Не то чтоб Сталин мечтал о лаврах Гитлера, когда принялся за евреев (первого, Михоэлса, как когда-то Кирова, убрали без «объявления войны», там подстроили убийство, здесь — автокатастрофу). Но в очнувшейся после войны стране стала нарастать вольность. В живых вроде бы остались одни верноподданные или смирные, однако ж и они распустились. Никому до войны не ведомая Ольга Берггольц пишет:

Лгать и дрожать:

а вдруг — не так солгу?

И сразу — унизительная кара.

Нет. Больше не хочу и не могу.

Сама погибну.

Подло — ждать удара!

Эти стихи на следующий день шепчет друг другу пол-Ленинграда. А «товарищ Стулин» у театральных критиков? А эпидемия изучения иностранных языков? А подражание формалистическому западному искусству, западным наукам вроде генетики? В авангарде всего этого — евреи. Потому что они всегда в авангарде.

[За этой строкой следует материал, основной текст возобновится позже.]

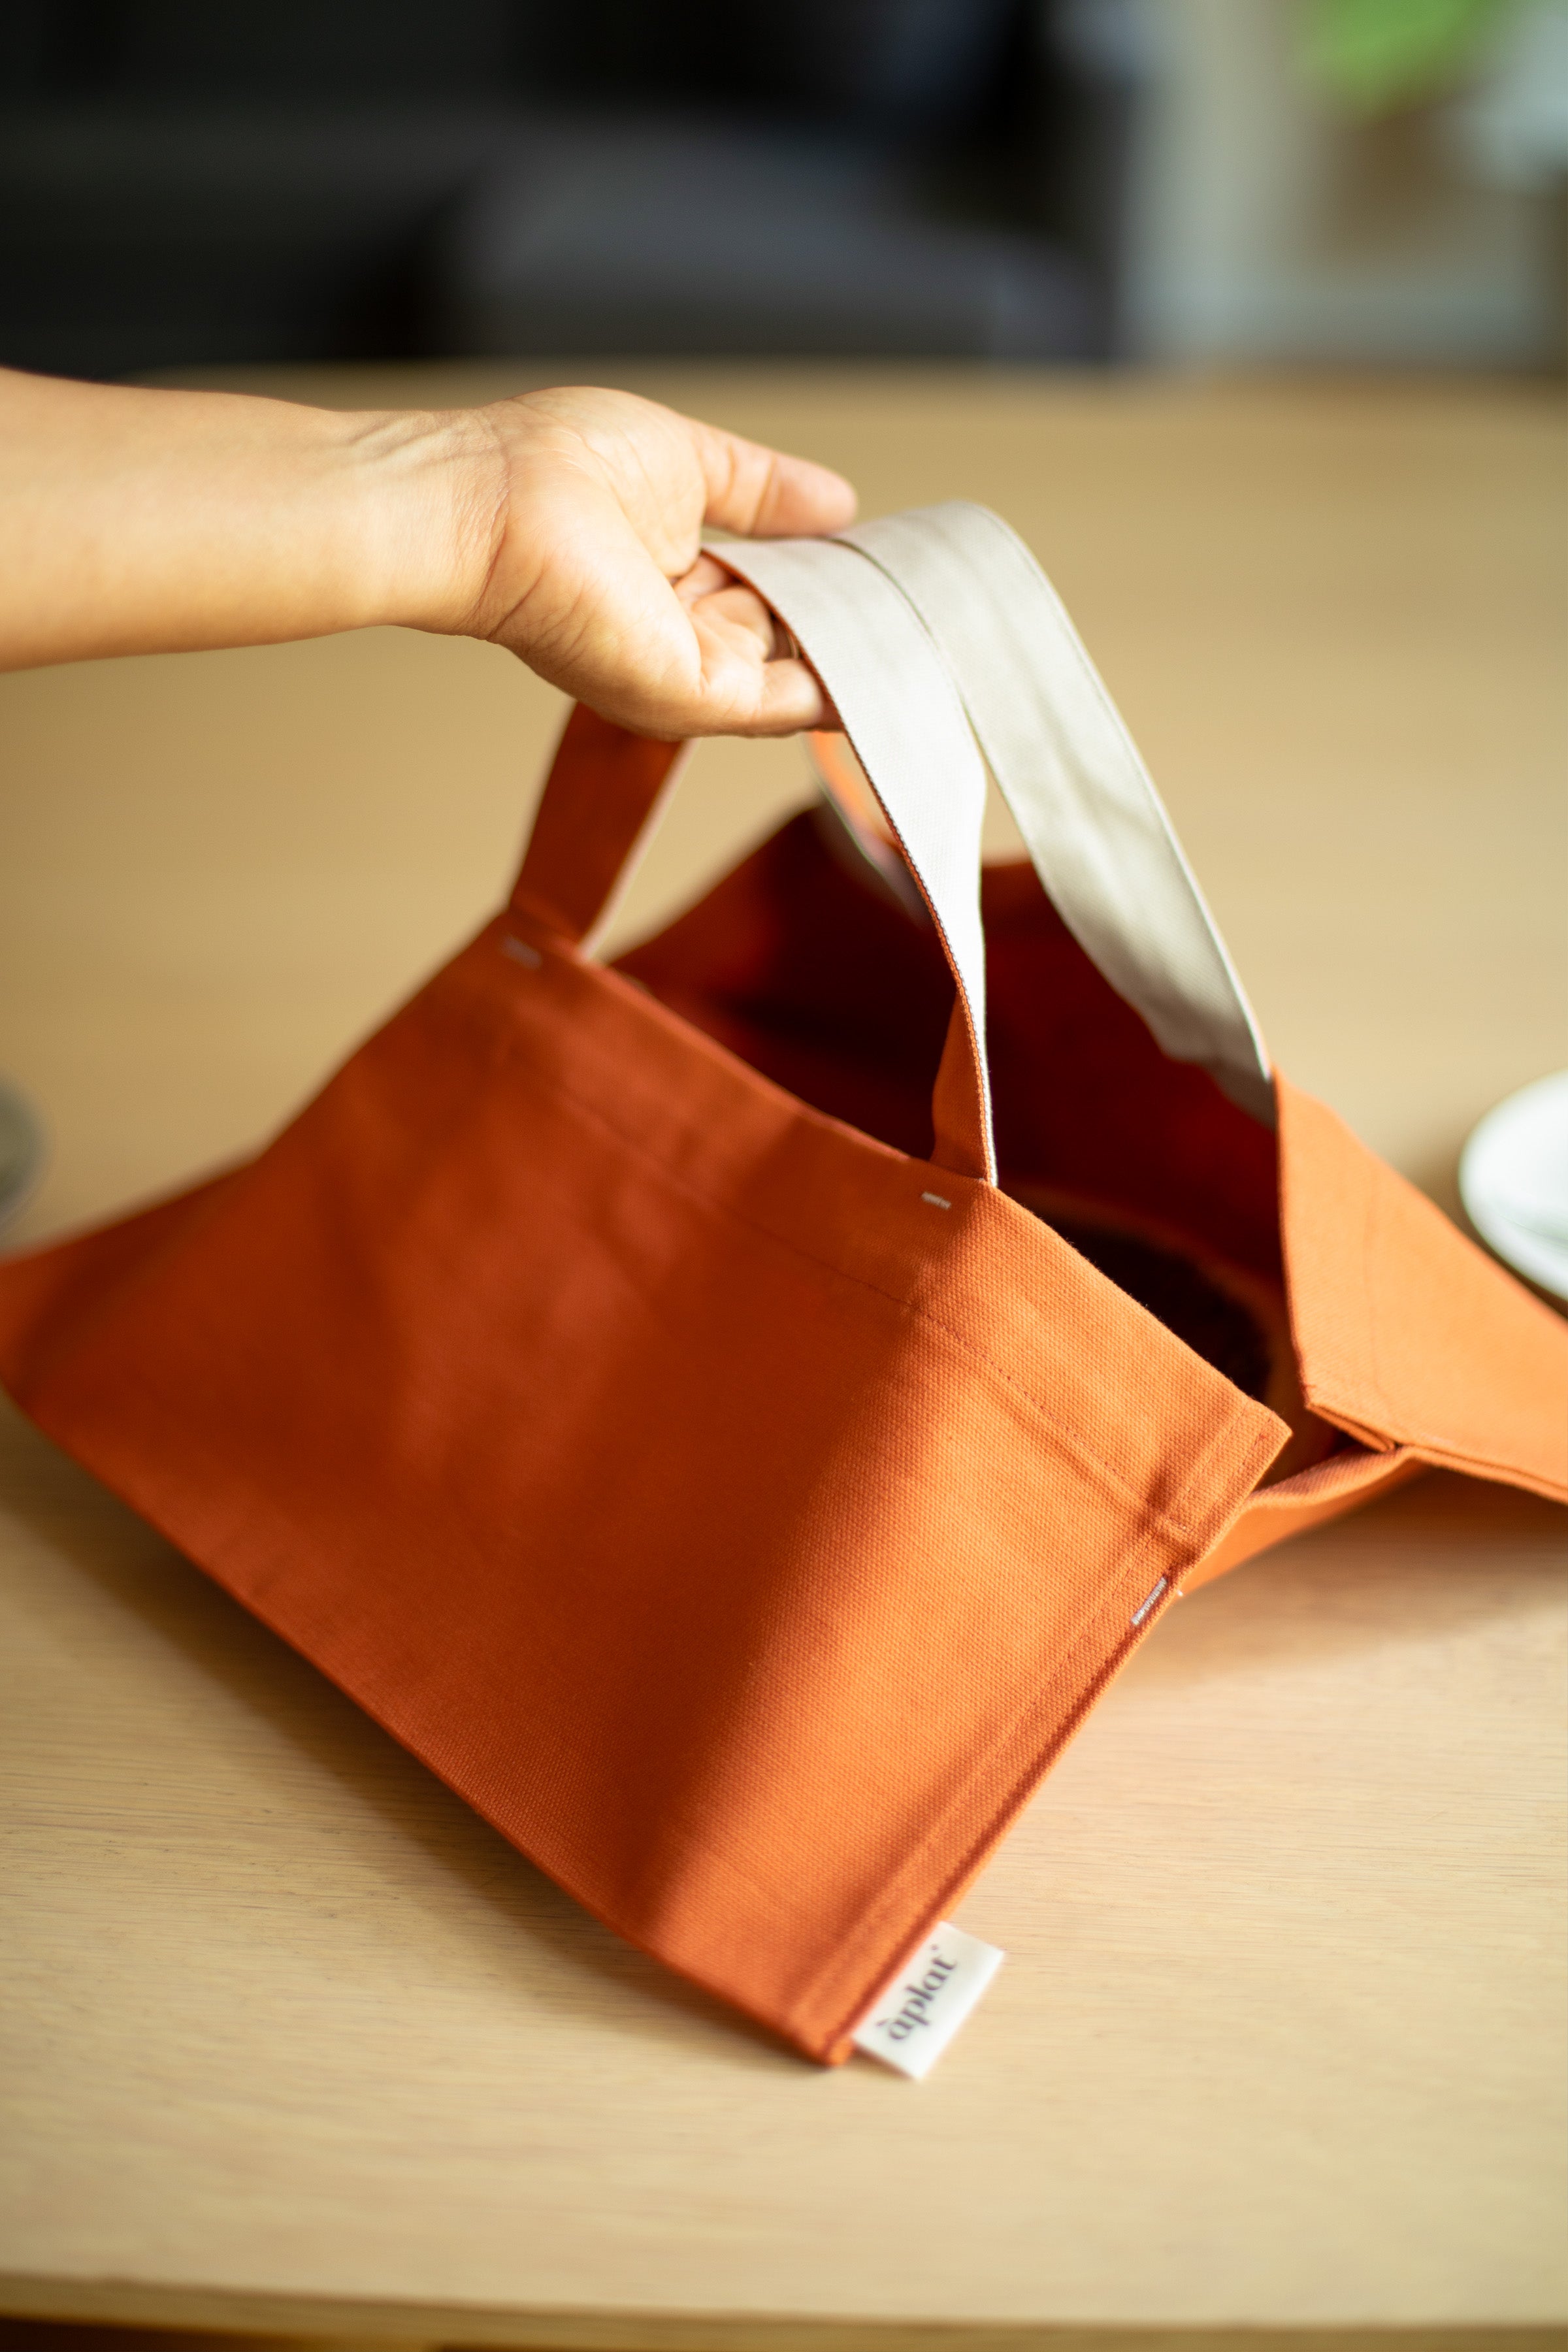 Aplat Reusable Culinary Totes for Carrying Food, Baguettes and More

Звонок. «Здрасьте, Виола Валерьяновна. Это Антонина Ивановна Цфат. Ваш отец умер. Приходите на похороны, если хотите». Виола не знает, как быть. Она не видела отца много лет. Вроде и собиралась навестить, но не хотела встречаться с его женой, мать была бы в ярости, встретиться раз — глупо, а иначе это стало бы воссоединением семьи, короче, Виля так и не придумала, как поступить, а теперь и придумывать нечего. Она поколебалась, сказать Илье с Машей или нет, и решила, что хватит секретов. Хорошо хоть Маша никогда не узнает о своем настоящем отце, Виле для этого пришлось порвать со всеми друзьями, которые были до Ильи. Иначе кто-нибудь проговорился бы. Остались только Корицкие, но они — кремень. Виля решила идти на похороны с семьей. Нина Петровна отказалась.

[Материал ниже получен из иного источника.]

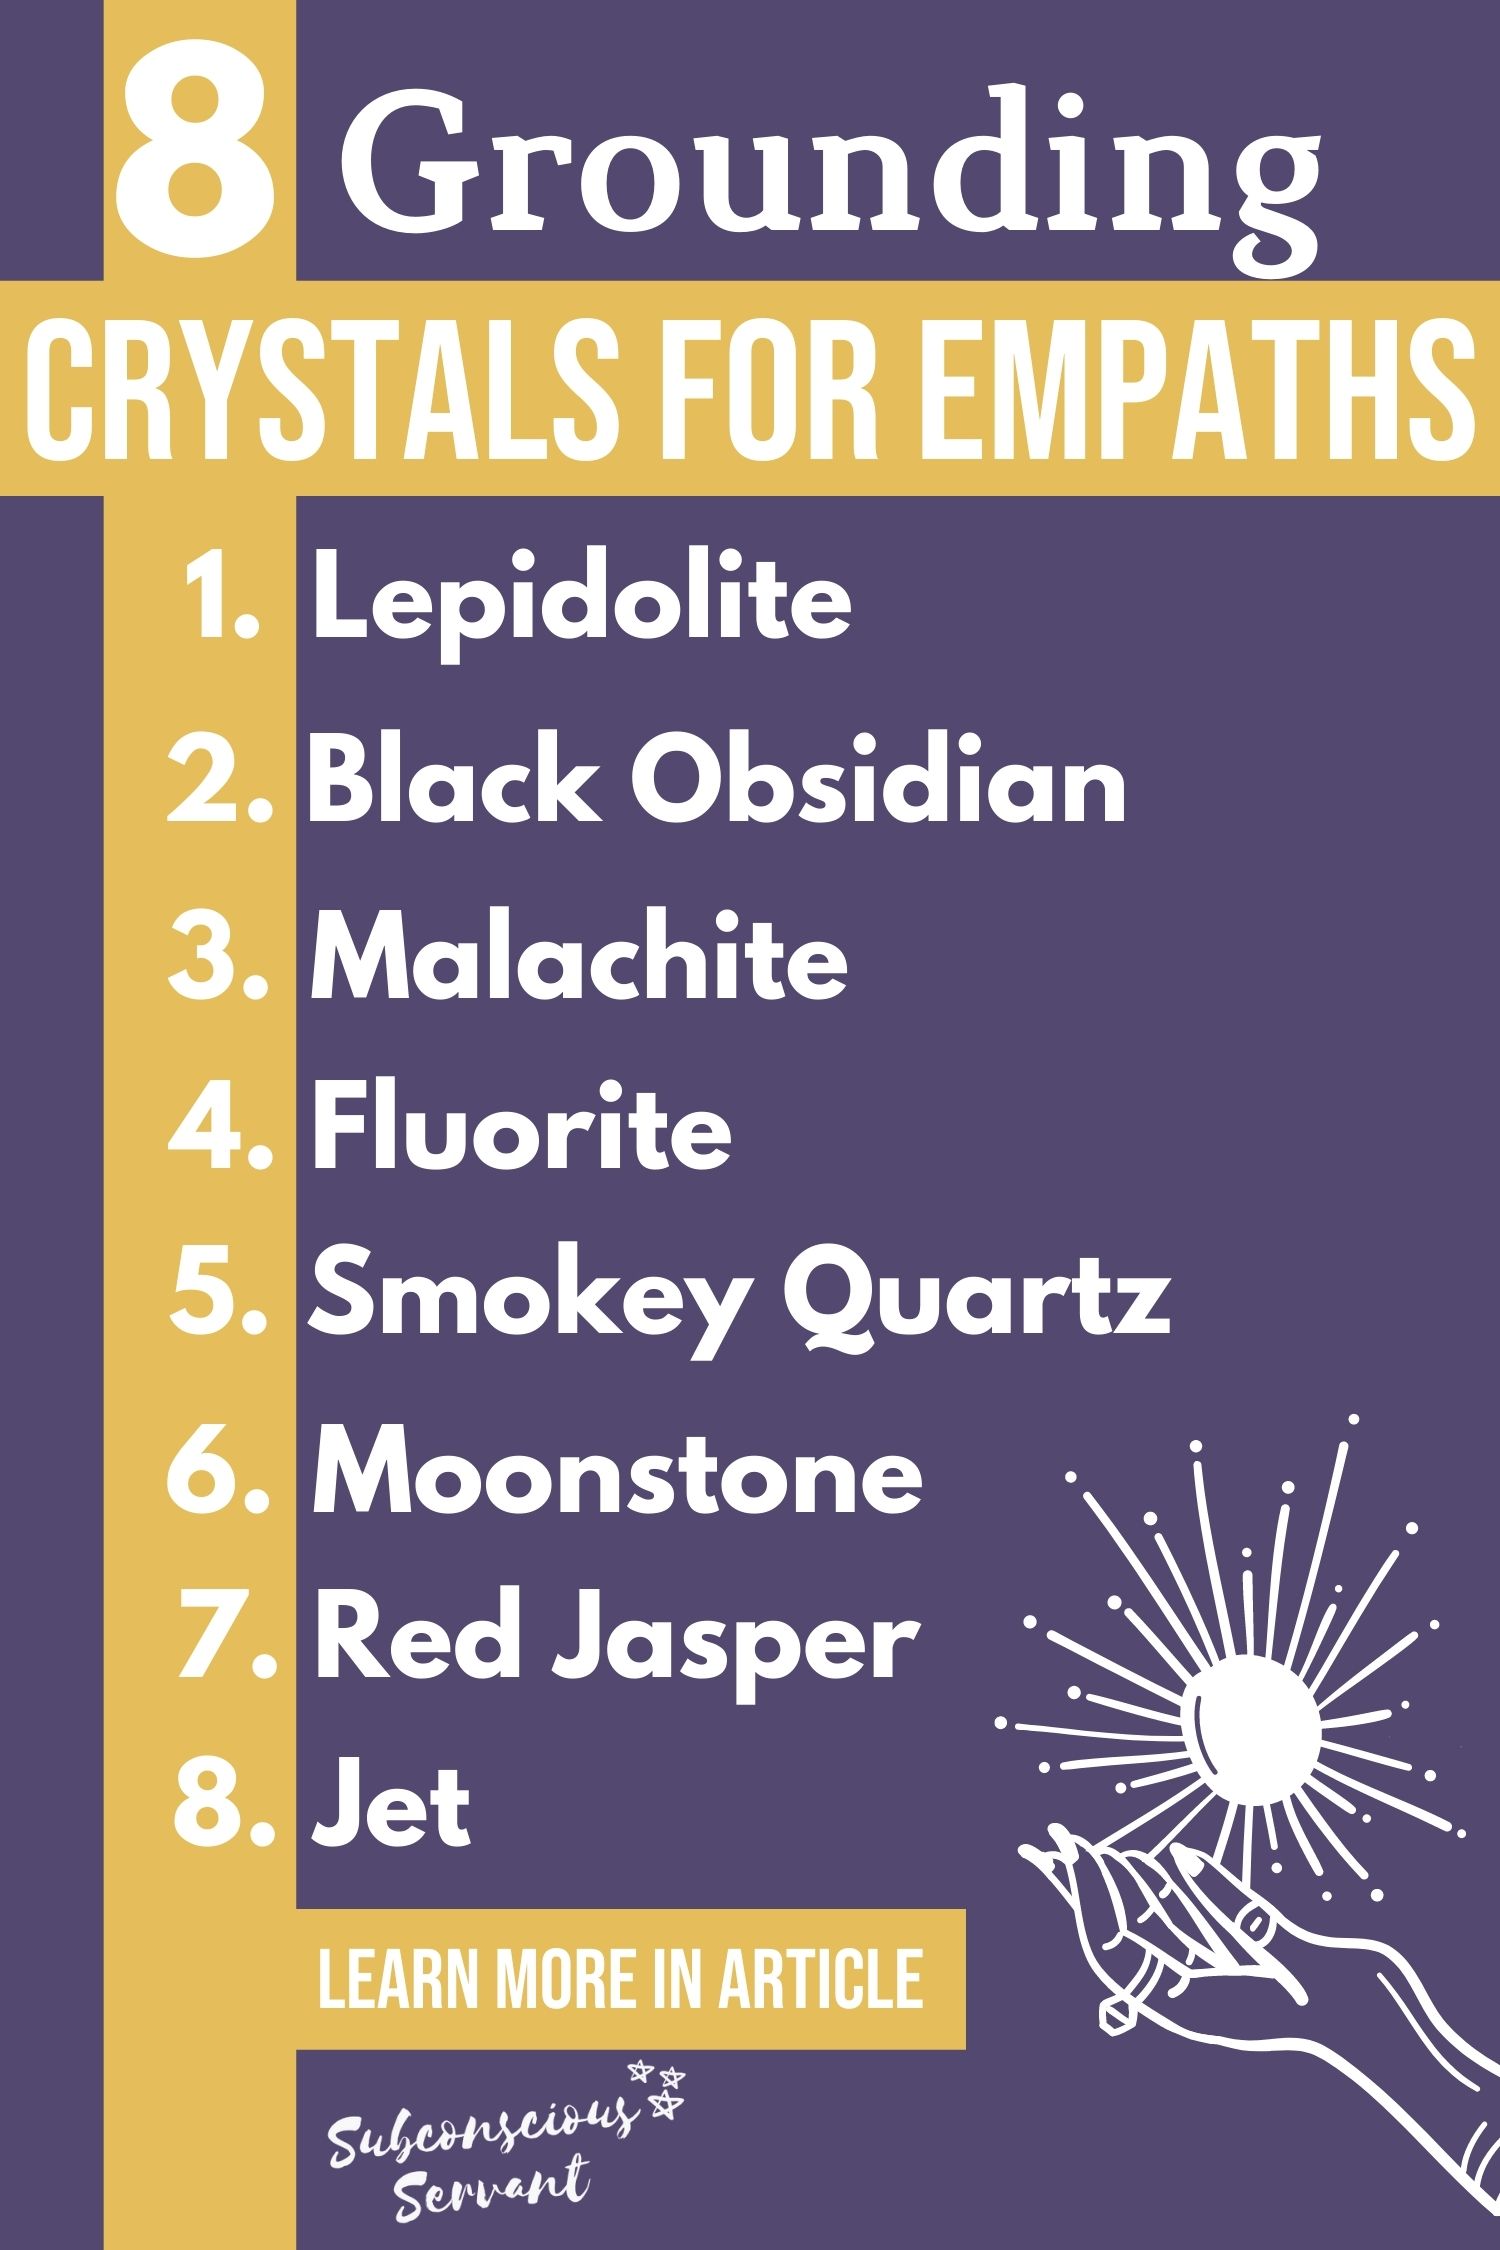 9 BEST Grounding Crystals For Empaths To Use And Why

Антонина Ивановна была с дочкой и маленьким внуком Борей. Простая милая женщина — Виля внутренне согласилась с выбором отца и стала приглашать ее в гости: наверстывала годы безотцовщины, слушая рассказы Антонины Ивановны. Та утверждала, что у Валериана Павловича не было никакой психической болезни, и утешала себя тем, что он умер вовремя: сейчас-то его уж точно бы расстреляли. В последние двенадцать лет Валериан Павлович жил тихой семейной жизнью, читал много книг — вот и все, что поведала новообретенная родственница. Контакты эти не скрылись от Нины Петровны, она сказала: «Виола, ты — лед, и сердце твое — камень». «Ради ее самолюбия я пожертвовала отцом», — с досадой подумала Виля. В оставшиеся пять лет жизни Нина Петровна из семьи дочери жаловала только внучку, а любимцем оставался придурковатый Витя. «Этого мерзавца Цфата» она не простила и посмертно.

Еще одна нить оборвалась в Вилиной жизни, и хищный зверь, эпилепсия, снова одолел ее. На сей раз припадки шли чередой, и она получила больничный на месяц, с диагнозом «ирритация мозговой оболочки». Но уж после выздоровления Виола закусила удила и работала денно и нощно: рецензировала, редактировала, писала отзывы, составила том Ученых записок института, написала проспект по истории Чехословакии, взяла аспирантку, прочла два доклада — такой активности в институте не проявлял никто, и в следующем году опустевшее место замдиректора института без сомнений предложили товарищу Серовой. С ее девичьей фамилией эта должность теперь была бы невозможна.